In November 2004, on the initiative of the Danish chefs René Redzepi and Claus Meyer of the then newly opened noma restaurant, chefs and food professionals from all the Nordic countries met in Copenhagen to discuss how best to develop what they called the "New Nordic Cuisine." In particular, they sought to emphasize the need for what they described as "purity, simplicity, and freshness" as well as increased use of seasonal foods. Restaurants were encouraged to develop traditional dishes making use of ingredients benefitting from the local region's climate, water, and soil. This included edible flowers, moss, hay and other local ingredients foraged and taken from the land.

10 years later, noma has gone on to not only set the standard for New Nordic cuisine, but also to lead the movement towards sustainable dining and garner Top Restaurant awards from multiple publications for its unique dishes and dining experience.

The Gagit’s and friends have been to noma before, but we believed its Number 2 rating in 2012 would become number 1 again for 2013, and it did.

Noma is not only the number 1 restaurant in the world it is also the toughest reservation in the world.

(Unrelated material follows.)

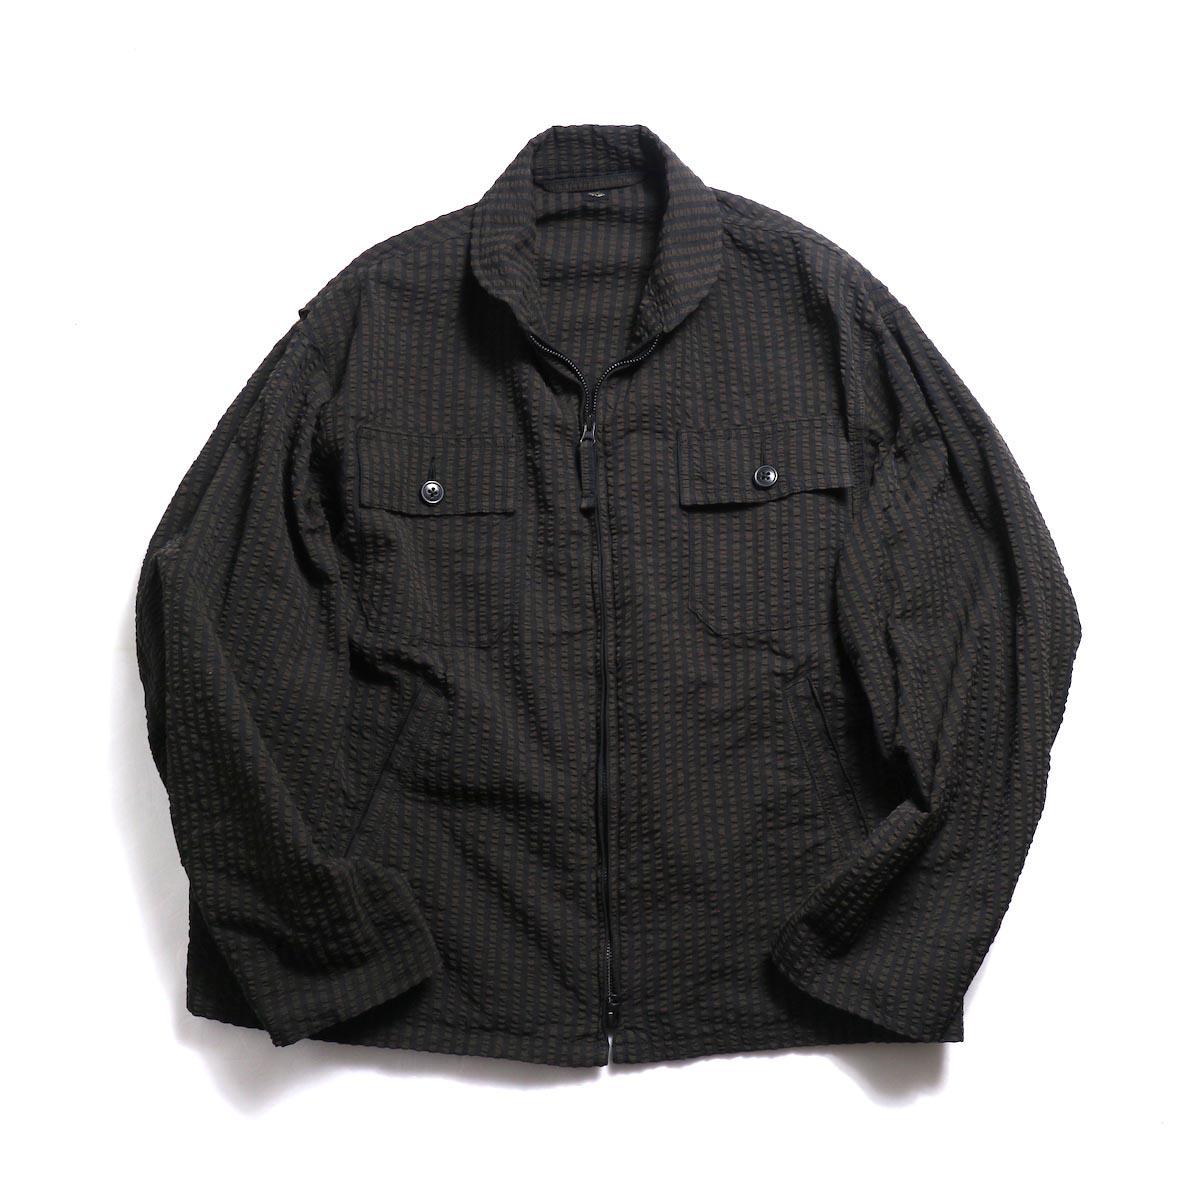 Kaptain Sunshine / Summer Flight Jacket -Black/Brown

However, thanks to our connection on Twitter, Gagit just asked @ReneRedzepiNoma and the requested reservation was secured (hint hint). We secured a reservation to dinner this trip and as we walked in we were warmly greeted by Rene, as shown, and welcomed back to his “home” for a five hour experience of food and drink, service, and friendliness. This is what noma is all about.

We are seated by the hostess and introduced to our lead server of the night Cat, although by the end the night we might have met the whole staff of 50.

We order our first bottle of wine and a member of the staff, both chefs and servers begin the nights experience.